3) Courage. A powerful writer must be willing to take risks, to face conflict head on, to take up subjects others may be afraid to tackle. Sometimes the risk is writing about an issue personal to the writer, a past trauma, or something the people in her life may not be happy that she writes. Sometimes it’s a matter of getting a character to a conflict instead of writing circles around it. Sometimes it’s an artistic risk, writing in a style or form that’s new and untested, or on a topic that’s unpopular or politically charged.
So, in the spirit of the award, here are five blogs that I've come to admire and which I'd like to award the Shameless Lion Award... not simply to let these bloggers know that the ripple of their words have spread farther than they might have realized over the past year... but to bring their blogs to the attention of other writers.
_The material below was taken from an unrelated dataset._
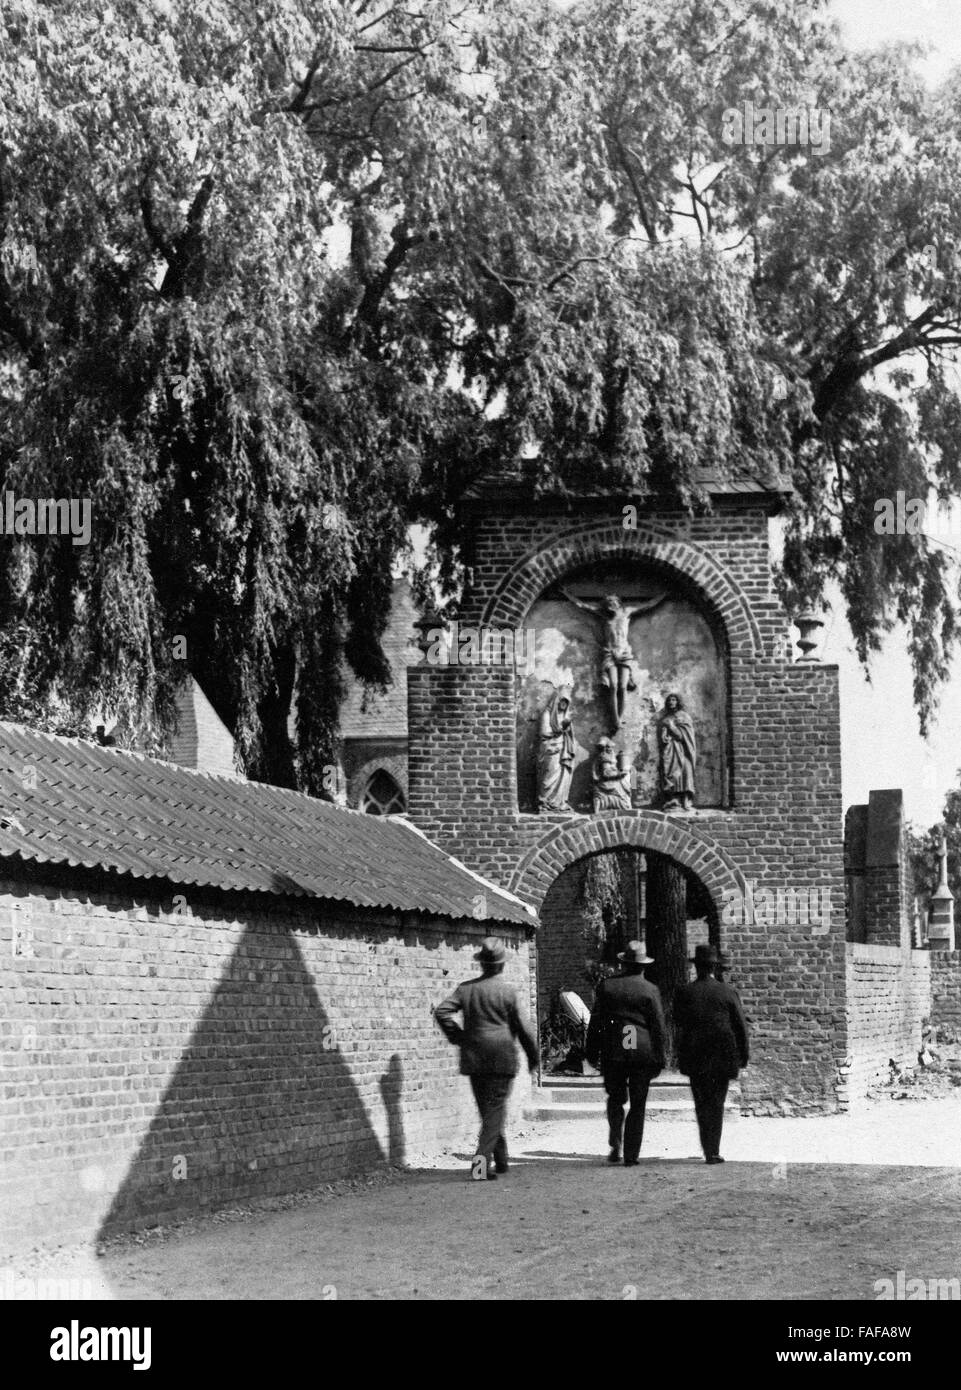 Drei Männer vor dem Eingang zum Friedhof in Köln Esch, Deutschland 1920er Jahre. Tre uomini di fronte all'ingresso del cimitero a Colonia Esch, Germania 1920s. Foto Stock

Each of the bloggers listed below has struggled with the writing process and has been kind enough to share in their blogs a small part of that struggle in ways that have helped me (and other writers) better understand our own writing process:
1) Bartography (http://www.chrisbarton.info/blog/blog.html)
2) Green Knight's Chapel (http://greenknightschapel.blogspot.com/)
3) Telling the True (http://www.janeyolen.com/journal.html)
4) Through the Tollbooth (http://community.livejournal.com/thru_the_booth/)
5) Writers Unboxed (http://writerunboxed.com/)
As the year comes to an end, I'd like to thank the countless bloggers who I've never met in person but whose ripples have reached me here on the west coast of Florida over the last year.
And special thanks to Barbara W. Klaser for her faith and ongoing support, and for her courage in sharing the details of her own struggle with words and stories.
If you'd like to read her thoughts on the award, you can visit her at Mysteries of a Shrinking Violet: http://barbarawklaser.mysterynovelist.com/2007/11/30/a-roar-for-powerful-words/
And for more information about the Shameless Lion Awards, visit Sean Kearney's Shameless Words: http://shamelesswords.blogspot.com/2007/11/roar-for-powerful-words.html
PS - I was planning on placing Barbara O'Connor's Greetings From Nowhere (http://greetings-from-nowhere.blogspot.com/) at the top of my list, but Sarah Miller (http://sarahmillerbooks.blogspot.com/) beat me into the water and bestowed the award first.
PPS - A happy, healthy, and storyful 2008 to Wordswimmer's readers.